Two drawings of the same pose from different viewpoints.

Dear Art Lover,
I sat in on an art history class once in college, but I was more interested in the boy I skipped my own class to be with than in any kind of history. However, this past winter while in Florence, Italy, I attended as many art history lectures as I could.

Listening to the Maestro Michael John Angel speak at his school in Florence was an eye-opener. Today, it seems that the art talk I hear implies that 'realistic art' is traditional and therefore boring. But as the Maestro spoke so passionately about the artworks created by various artists over the last several centuries, I began to understand that what appears at first glance to be realism is, in fact, a chosen design of varying shapes, lines, colors, and tones simply inspired by Nature. What appears to be reality is really abstraction. And it is often the artist's choice of shapes that distinguishes a quality portrait, for example, from just another well-executed painting of a person.
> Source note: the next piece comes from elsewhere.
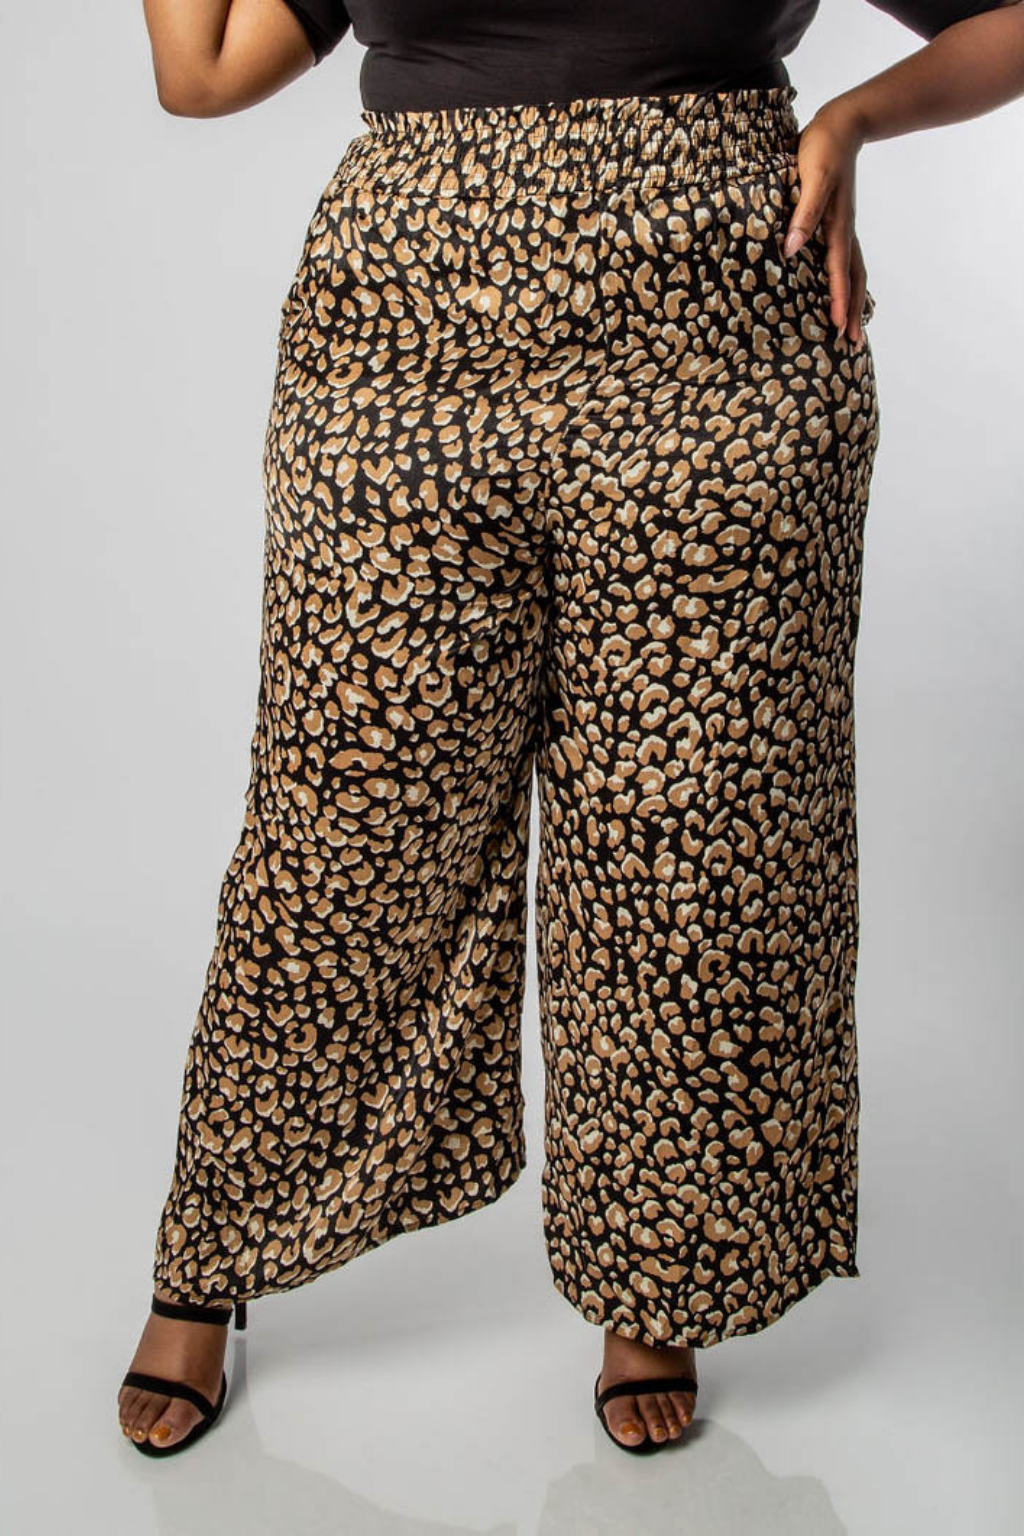 Wholesale S-XL Women Fashion High Waisted Leopard Print Wide Leg Pants

At another of Florence's art schools, Mr. Charles Cecil delivered a series of art history lectures detailing how artists influence one another in technique and inspiration. I truly enjoyed these lectures even though sometimes (if I must admit) I got lost in the twirling motion of his hands in front of the slide projector's light as he "acted out" the flowing movement from one element in the composition to another.
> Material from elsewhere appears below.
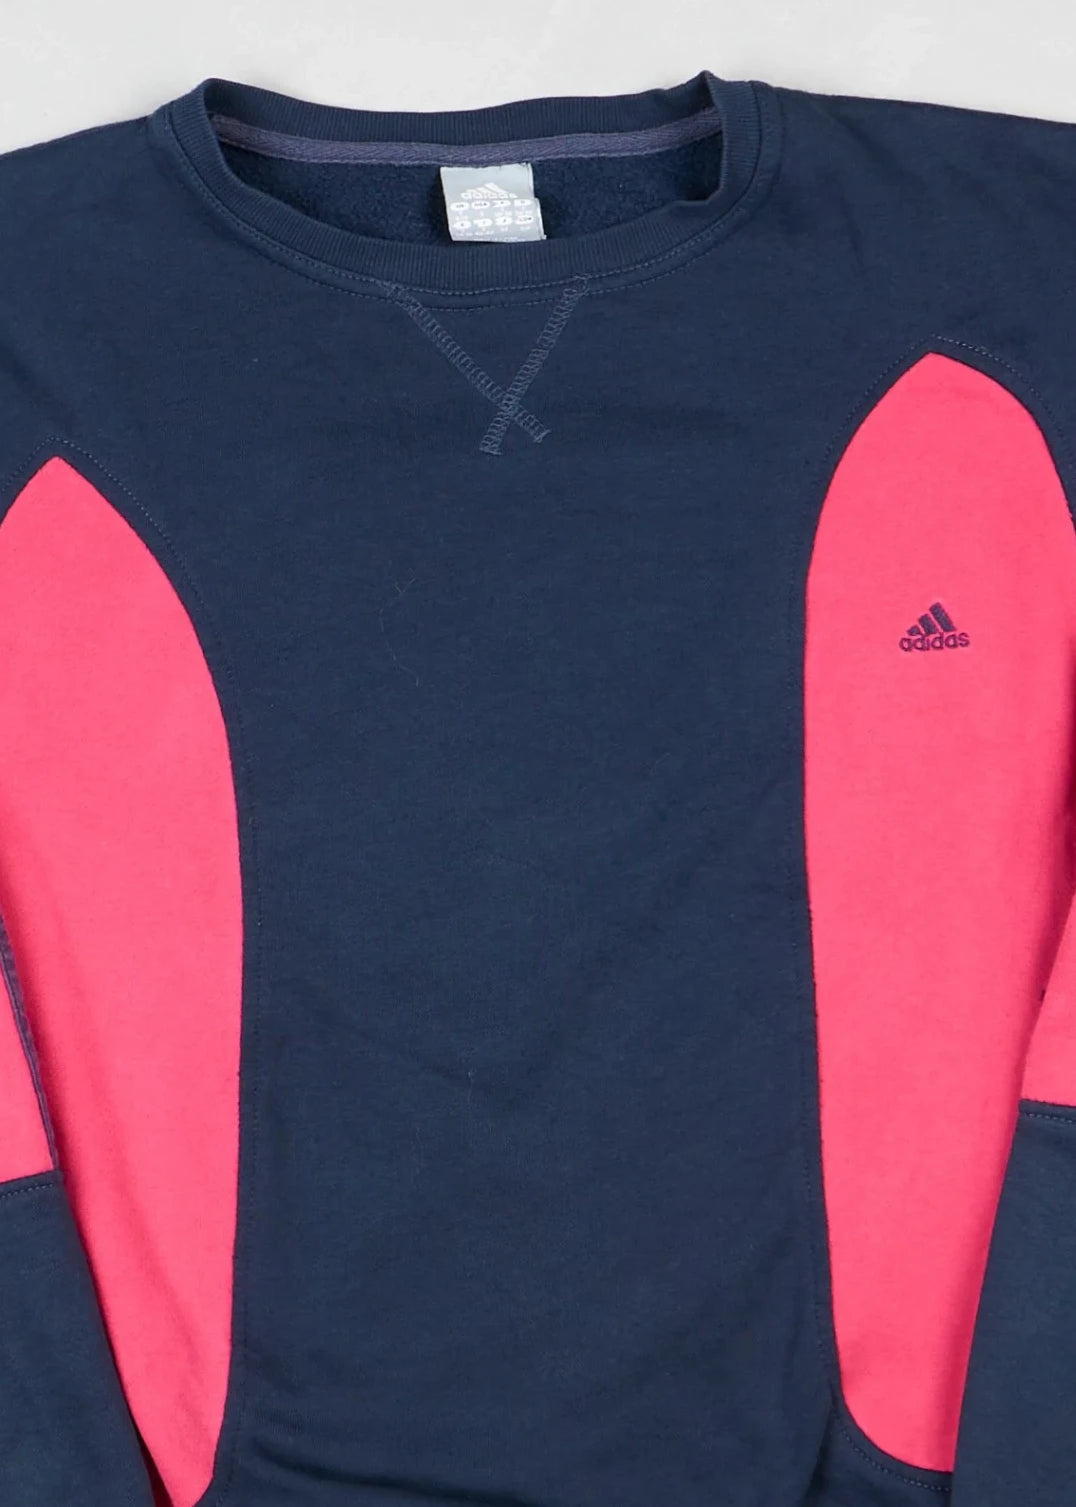 Adidas - Sweatshirt (L) Center

Mr. Cecil's last lecture that I attended was about Peter Paul Rubens. He traced how this artist came from the north to the south of Europe to learn from the masters before him. Mr. Cecil also related a recent conversation with one of his peers in which they both lamented that today's art students seem to learn technique and then do nothing with it. His plea to his students was: do as Rubens did. Rubens took what he learned, went home, and he made something new of it, changing the art world. Backing up his premise with various works by Rubens throughout his career was really fascinating and inspiring! And yet, I wondered if what was seen as revolutionary during Ruben's own time, today appears simply as 'traditional.'

Technique comes from observing and doing. Copying and working would be more accurate. For example, I have been a mentor since 1992. While I was beginning to seriously study art, "my kid" Rudy, now a young man, was teaching himself how to play the drums and later, the guitar. He would listen to a piece of music and then try to play it - for hours and hours.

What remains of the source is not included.